Today, the global impact of COVID-19 across industries exceeds trillions of dollars, and every government and country is evaluating the sufficiency of their health infrastructure to deal with the COVID-19 pandemic. Consequently, to reduce the increasing rate of infections to their residents and citizens, they have implemented social distancing measures such as closing down all dine-in-restaurants and public venues.

These measures from the government's side are the right decision to curb this pandemic, and thus make it a necessity for the public and private sector to comply and find ways to navigate new business models to keep the economic activity ongoing. This regulation is both a loss and gain to different parties in the F&B sector supply chain, where dine-in only restaurants have customers cut off completely, and have to resort to delivery-only models to ensure the survival of their businesses.
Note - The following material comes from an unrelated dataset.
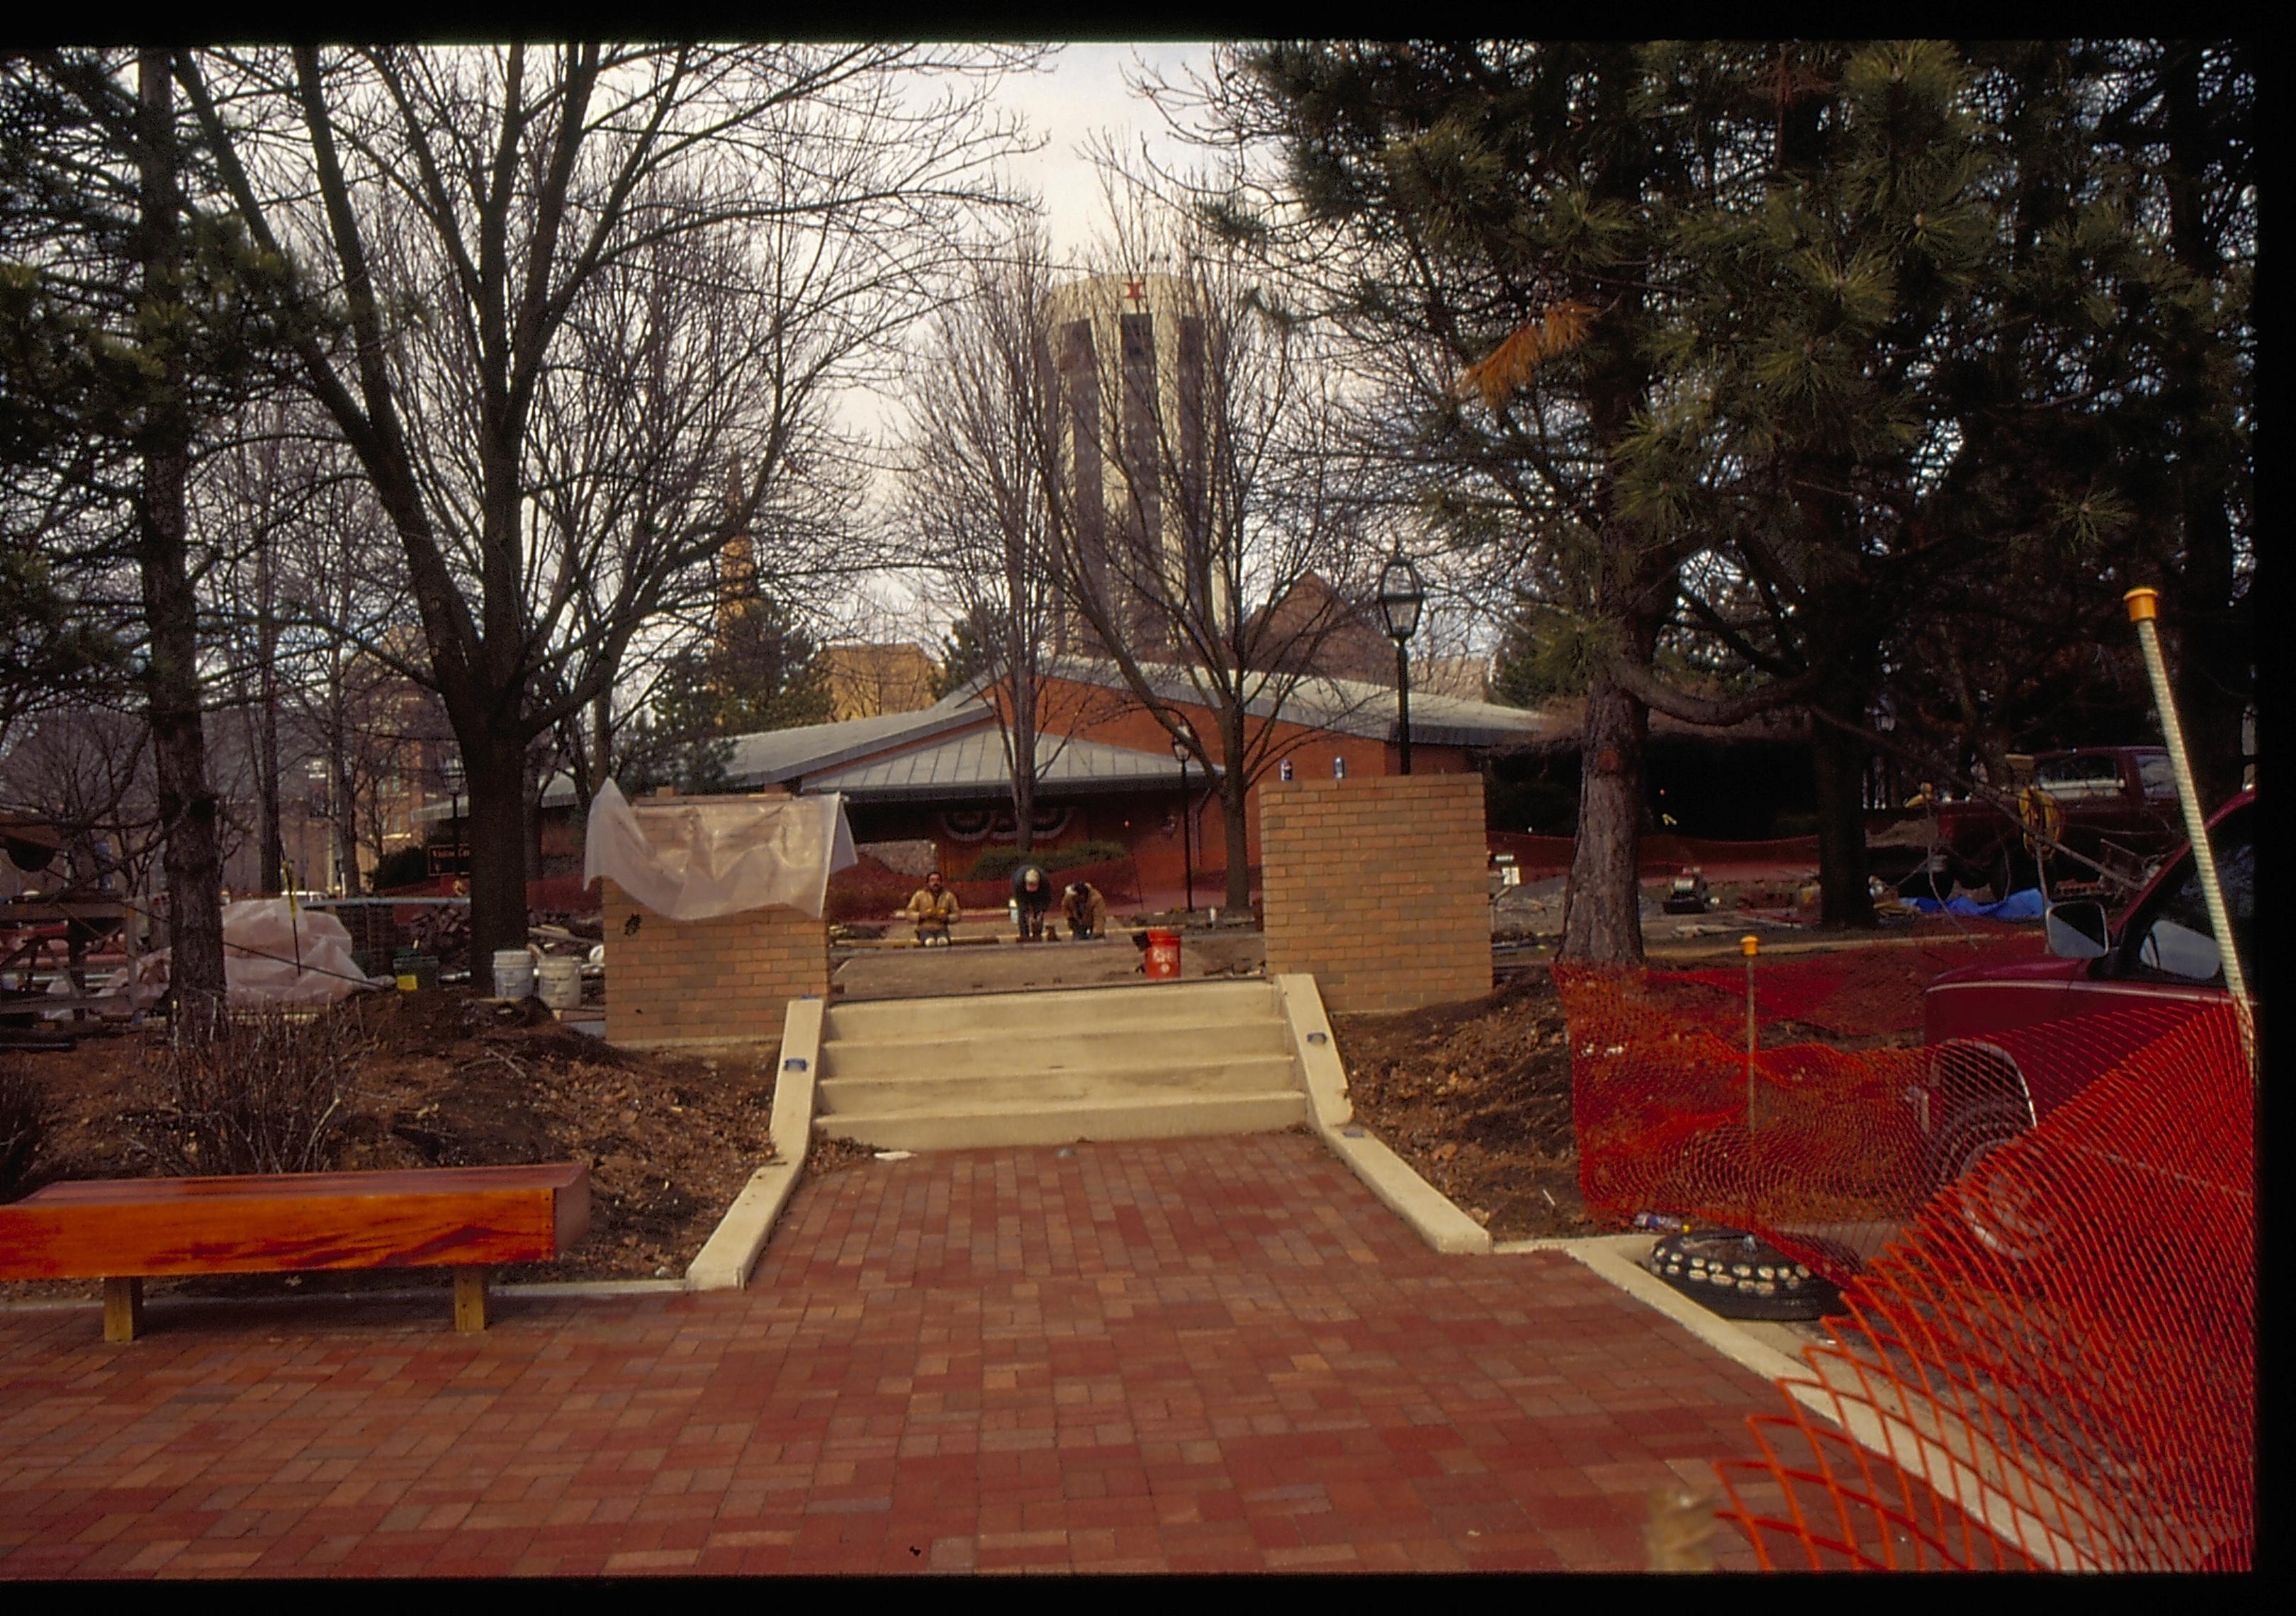 parking lot/new stairs Lincoln Home NHS- Visitor Center, Roll 1999-2 exp 10 Visitor Center, construction

With empty dining rooms, restaurants are depending on pickup and delivery orders more than ever. Amid the mandated dine-in restaurant closures, actual restaurant spaces are only relevant for preparing food-to-go, and consumers are more dependent on food delivery services than ever before. However, this challenge has created an uneven playing field and an unequal opportunity for delivery aggregators to run a one-sided show.

Related: First Person: The Impact The Coronavirus Pandemic Is Having On Our Startup, Our Customers, And Our MENA Region

Sheikha Al Mheiri, founder, MAD Investments

Sure, there’s a lot to feel good about when we support our local restaurants by ordering prepared meals that appear on our doorsteps with the touch of a screen. But what we need to understand is that we might actually be hurting our favorite restaurants by relying so heavily on food delivery apps. One of the problems is the business model. While diners only see orders and/or delivery fees added to their bills, the apps are actually profiting far more from a less-visible fee: for every meal delivered, those services charge restaurants a percentage of the entire order, around 30%.

Given the scale of the challenges facing the industry, and the surge in demand for online delivery services, it is incumbent on delivery companies to immediately lower their commission. To maintain the partnerships built with restaurants, apps will have to accommodate some extension of reduced fees. These companies need to understand the difficult situation people are in right now, and should want to help, instead of actively looking for maximum profit. For us to be able to sustain ourselves, we need the extra money.

There needs to be a sense of togetherness by all the parties involved -the consumers, restaurants, and apps- to make sure food delivery is more accessible. People using mobile and online apps have to understand that the expenses fall on the restaurant, and that the fees imposed to us are greater than fees for customers. The delivery fees aren’t how these apps make money- it’s the commission on the total order. But these are desperate times, which is why many restaurant operators have found themselves signing on with these apps.

Given this scenario, food delivery companies are booming right now, and restaurants are barely hanging on. While globally industry stakeholders join forces to braise through the storm, splitting the impact in varying proportions, here in the UAE, we are yet to see a similar trend. For example, DoorDash, a US-based aggregator, has announced that to help independent restaurants the platform will offer zero commission for 30 days, and waive commission fees on pick-up and delivery orders for existing partners.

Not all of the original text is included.